+++ Recorded information +++

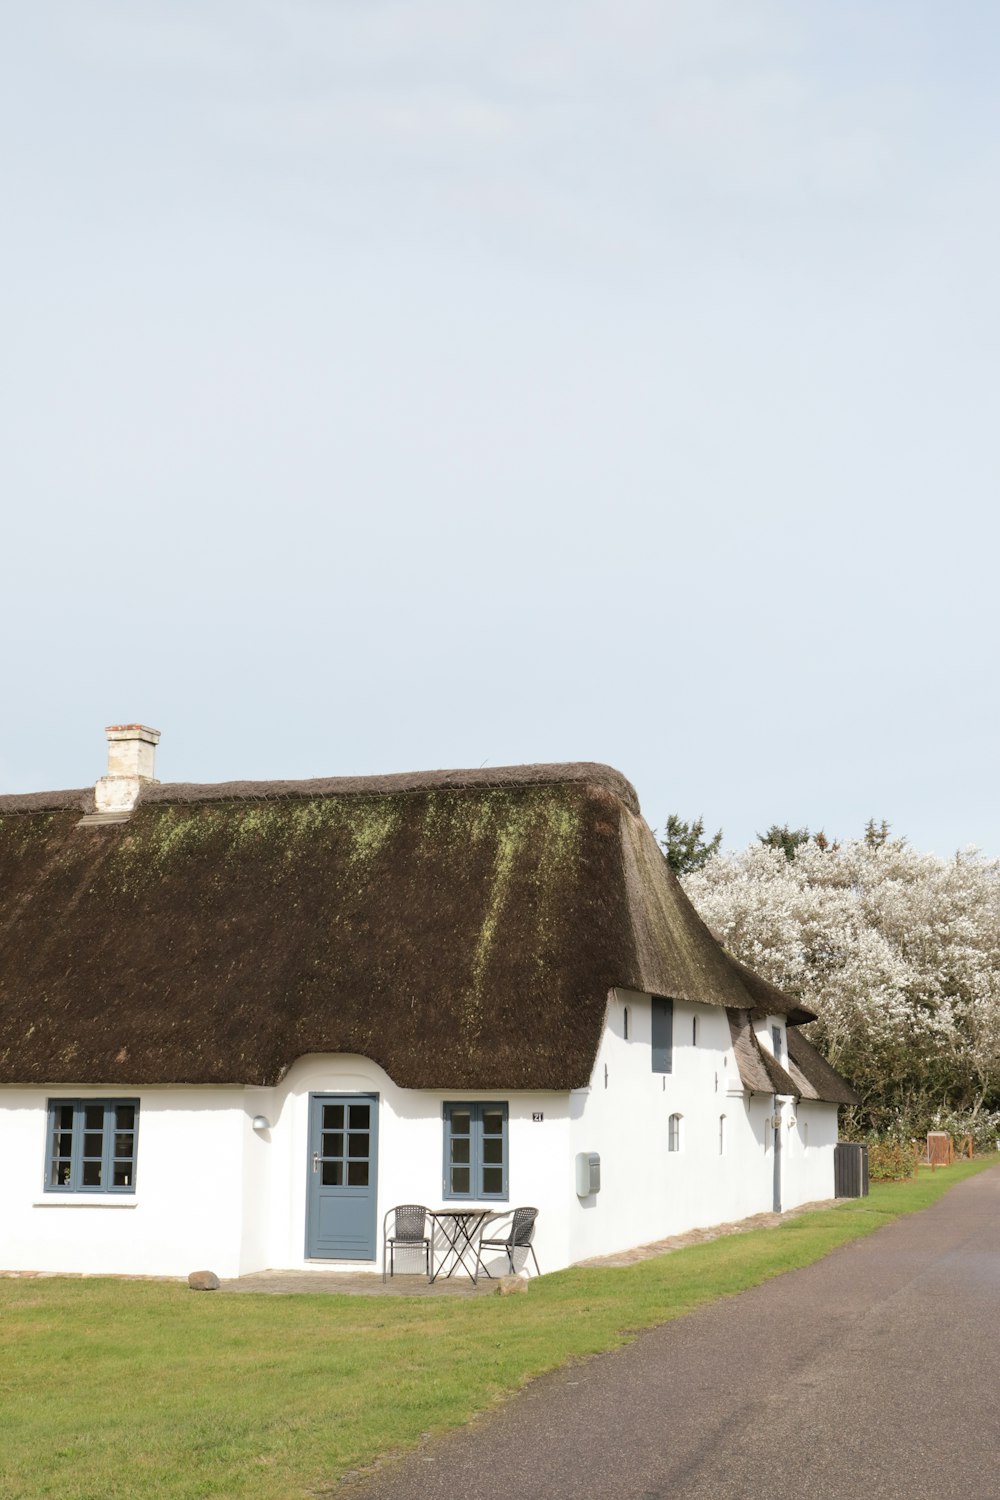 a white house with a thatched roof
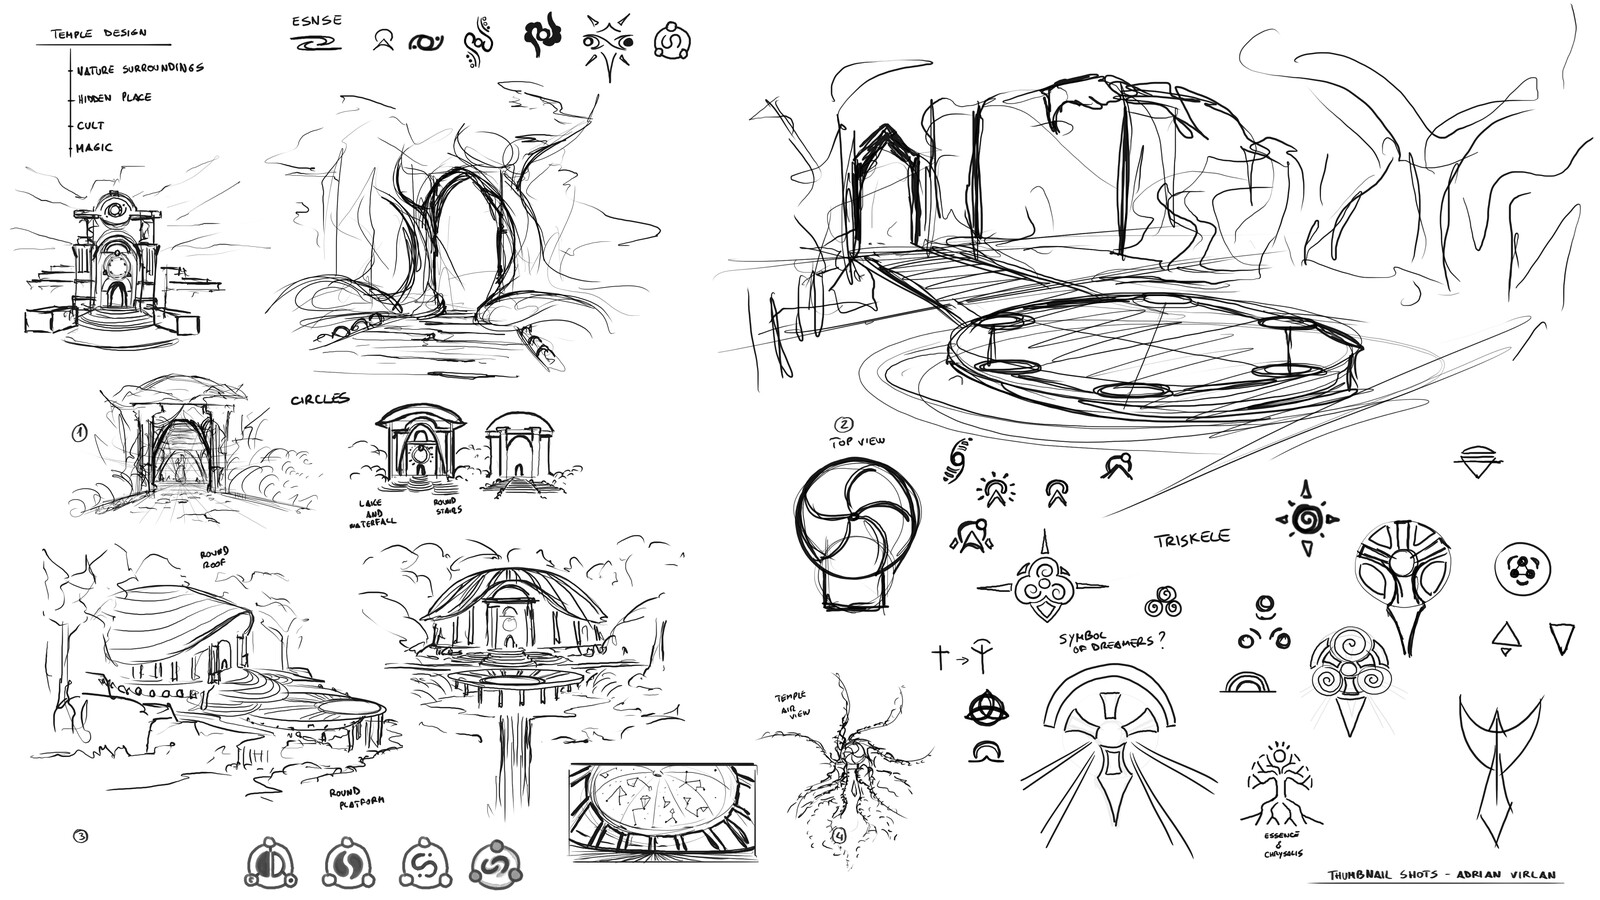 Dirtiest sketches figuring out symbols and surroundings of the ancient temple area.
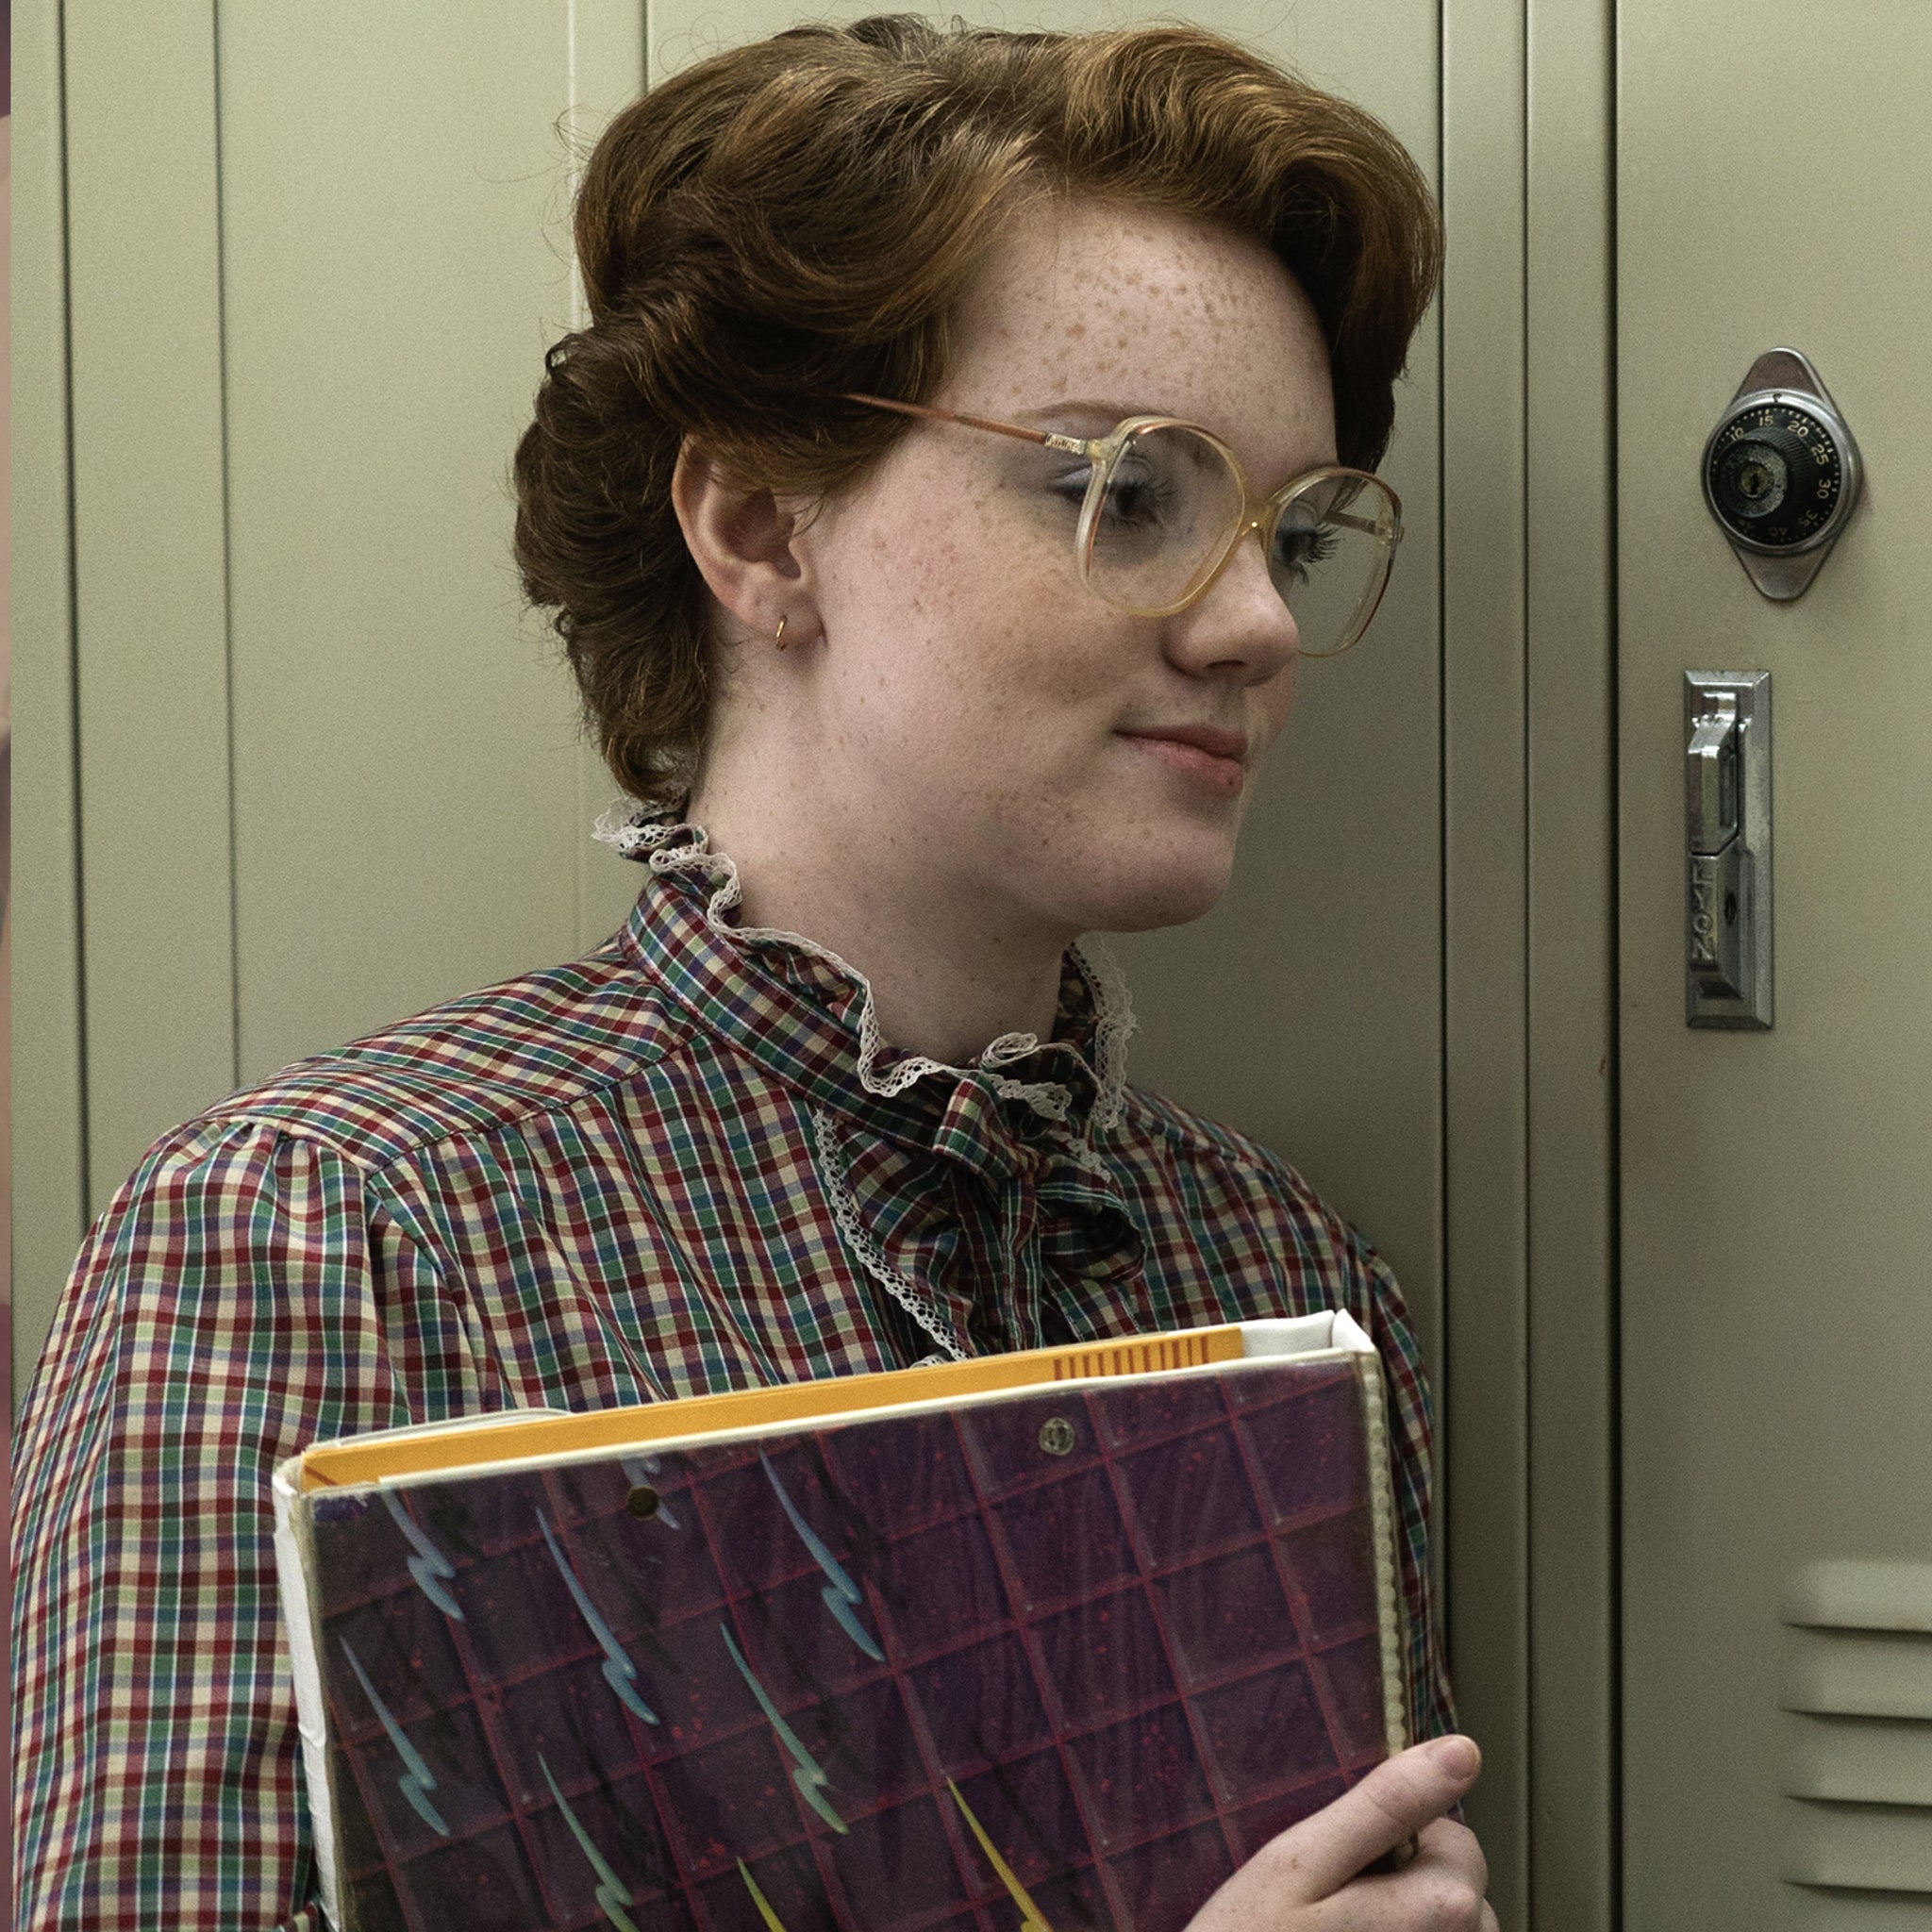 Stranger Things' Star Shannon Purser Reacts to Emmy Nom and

+++

Find the line containing "Dirtiest sketches figuring", then extract it and every line after it to the end of the data above, exactly and nothing else, without pictures.

## Task result:
 Dirtiest sketches figuring out symbols and surroundings of the ancient temple area.
 Stranger Things' Star Shannon Purser Reacts to Emmy Nom and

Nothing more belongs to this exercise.